Creating a Cloud Datastore data model
Consider the data model for a multi-user blog. This application can have millions of users, each of which can create thousands of small posts. Modeling the data as User and Post objects a traditional relational database is as follows:
User
Id
Username
Name
1
tonystark
Tony Stark
2
dianaprince
Diana Prince
Post
id
user_id
content
1
1
Hello, world!
2
2
Another post
You would query for all of the posts written by a particular user using the following SQL:
SELECT * FROM Posts WHERE user_id = {user_id}
In Cloud Datastore, there are no tables, instead data
entities
have a particular
kind
. Directly converting the tables into two kinds, Post and User, the data is as follows in Cloud Datastore:
Key
Data
(Post, 1)
{"user": Key(User, tonystark), "content": "Hello, World!"}
(Post, 2)
{"user": Key(User, dianaprince), "content": "Another post"}
(User, tonystark)
{"name": "Tony Stark"}
(User, dianaprince)
{"name": "Diana Prince"}
Querying the database
We can then query for all of the posts written by particular user posts by filtering the entire Post kind by username.
datastore.Query(kind='Post', filters=[('user', '=', Key('User', username))])
Global queries, like the one above, are
eventually consistent
in Cloud Datastore
.
Most non-relational databases are optimized for high-scalability and high-availability. The trade-off for this performance is that some types of queries are eventually consistent. This means there may be a delay between when data is added or updated in the database and when it is returned in a query. This is in contrast to the
strong consistency
you are familiar with from relational databases, where updated data is immediately available.
In this example, eventually consistent means that when a user creates a new post they may not see it immediately on their home page.
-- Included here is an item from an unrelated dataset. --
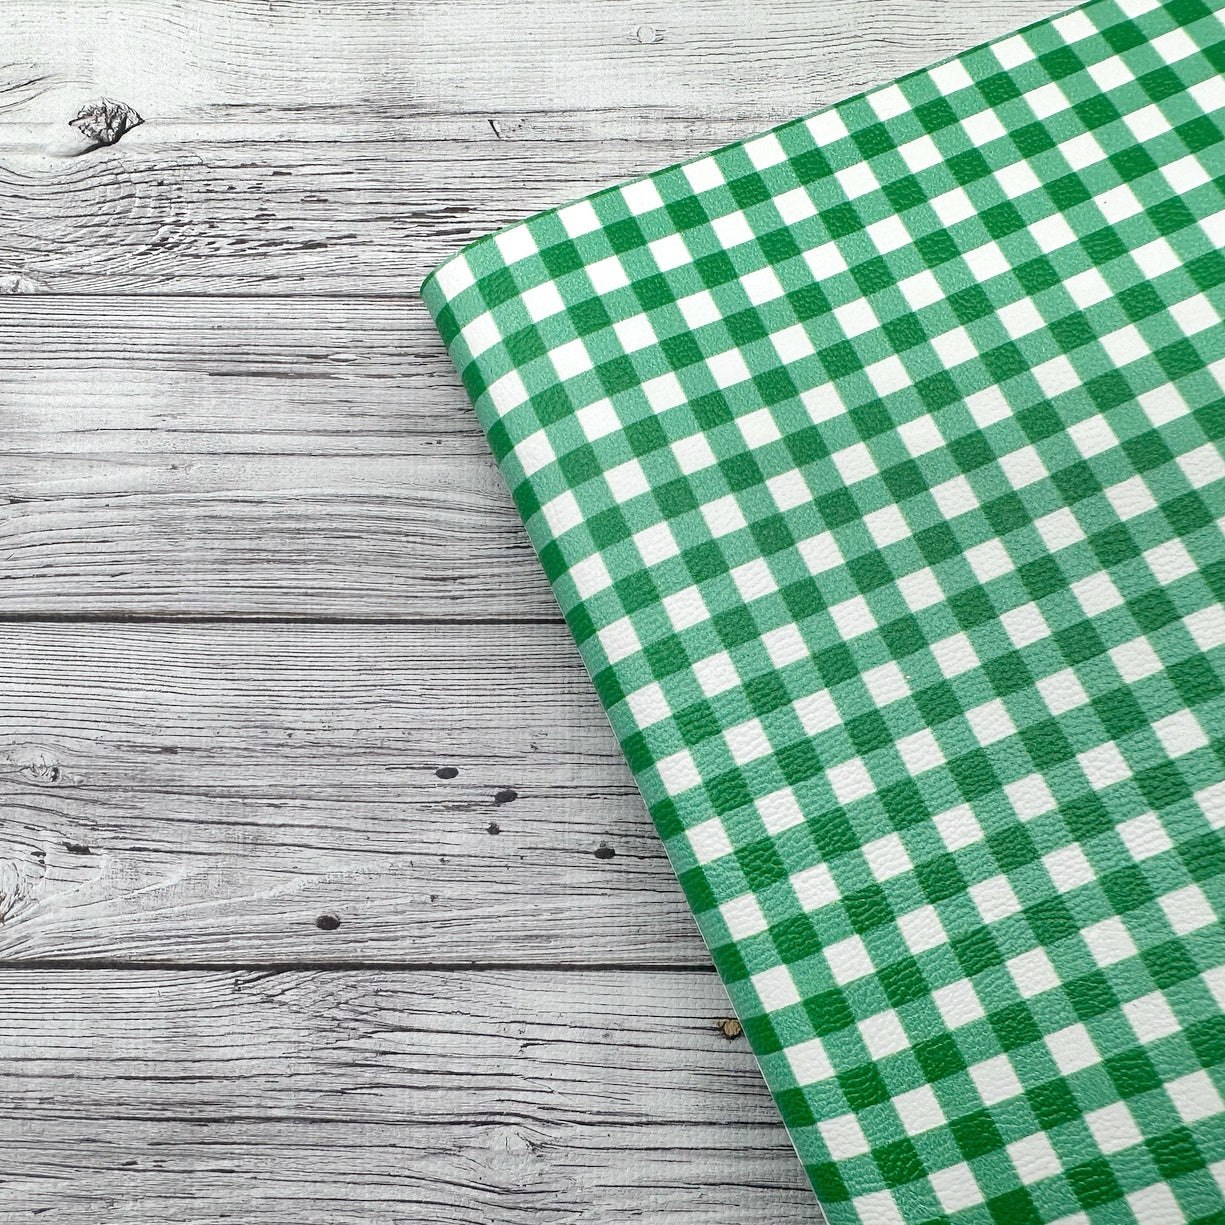 Emerald Green Gingham Standard Premium Faux Leather Fabric Sheets

For some applications, eventual consistency is acceptable, but in a multi-user blog, users want to see and verify their updates immediately.
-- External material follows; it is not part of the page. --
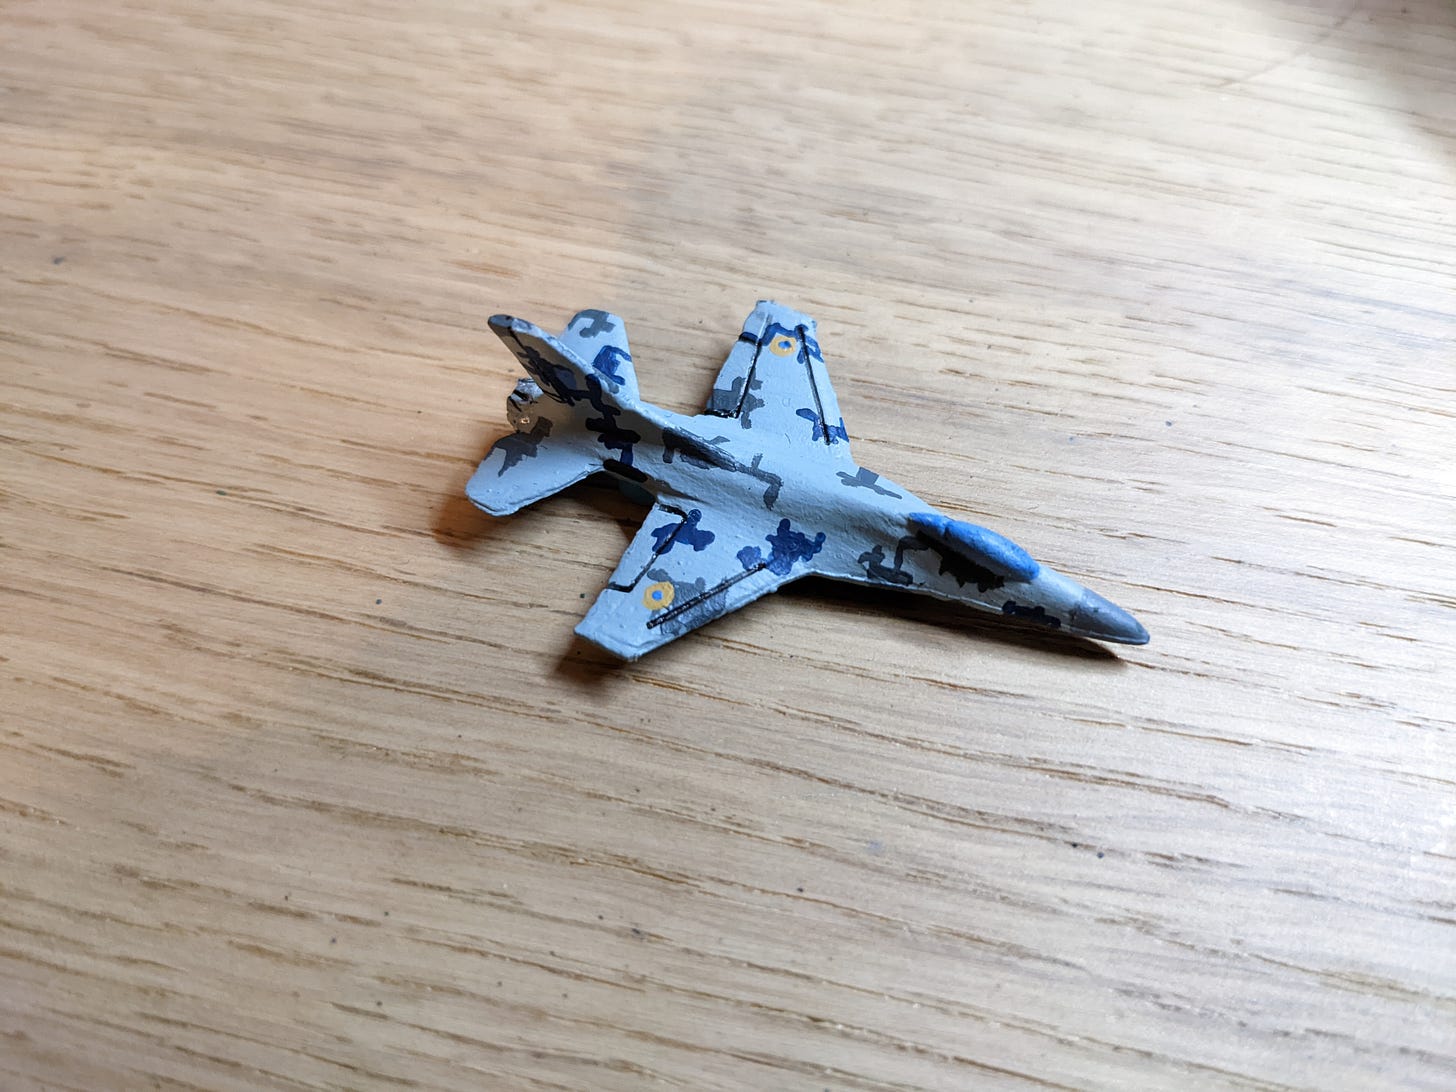 A 6 mm scale model of an F-16 fighter painted in grey and light grey ukrainian digital camo

Data modeling for strong consistency
When you need to read data immediately after a write with Cloud Datastore you can choose between
strong and eventual consistency
, depending on how you organize your data. You could think of a kind as a table and the
key name
as the primary key.
However, the key can have
ancestors
that create a key path. Instead of thinking of non-relational data in terms of tables and keys, imagine it as a file system.
Representing the non-relational data as a file system is as follows:
/1.post
/2.post
/tonystark.user
/
dianaprince
.user
You can re-organize the data, grouping it by user:
/tonystark.user
/1.post
/dianaprince.user
/2.post
In this model, the conceptual path to the first post is
/tonystark.user/1.post.
In Cloud Datastore the data is now organized as follows:
Key
Data
(User, tonystark)
{"name": "Tony Stark"}
(User, tonystark, Post, 1)
{"content": "Hello, World!"}
(User, dianaprince)
{"name": "Diana Prince"}
(User, dianaprince, Post, 2)
{"content": "Another post"}
Organizing the posts by user, creates an entity group that contains the user’s profile and all of their posts. In Cloud Datastore, queries over a single entity group are strongly consistent. Now when a user creates a post, they will see it immediately. You now perform the query by ancestor key.
datastore.Query(kind='Post', ancestor=Key('User', username))
You make a trade-off between consistency and write throughput, however, if you group the user profile and posts into an entity group. In Cloud Datastore, each entity group can only be updated about once per second, but all reads are strongly consistent. This means each individual user can only post once per second, but all users see a strongly consistent view of their own posts.
Note:
The once-per-second limitation only applies to a single user. Multiple users can post simultaneously because each updates a different entity group.
This design also allows for eventually consistent queries that return all posts submitted by all users. You could use this type of query, for example, to display a stream of new posts.
datastore.Query(kind='Post')
Eventual consistency is typically acceptable for this use case. Users may not see their post in the “all posts” query immediately, but will see their post immediately in the “my posts” query. And it’s unlikely that a user will submit more than one post per second.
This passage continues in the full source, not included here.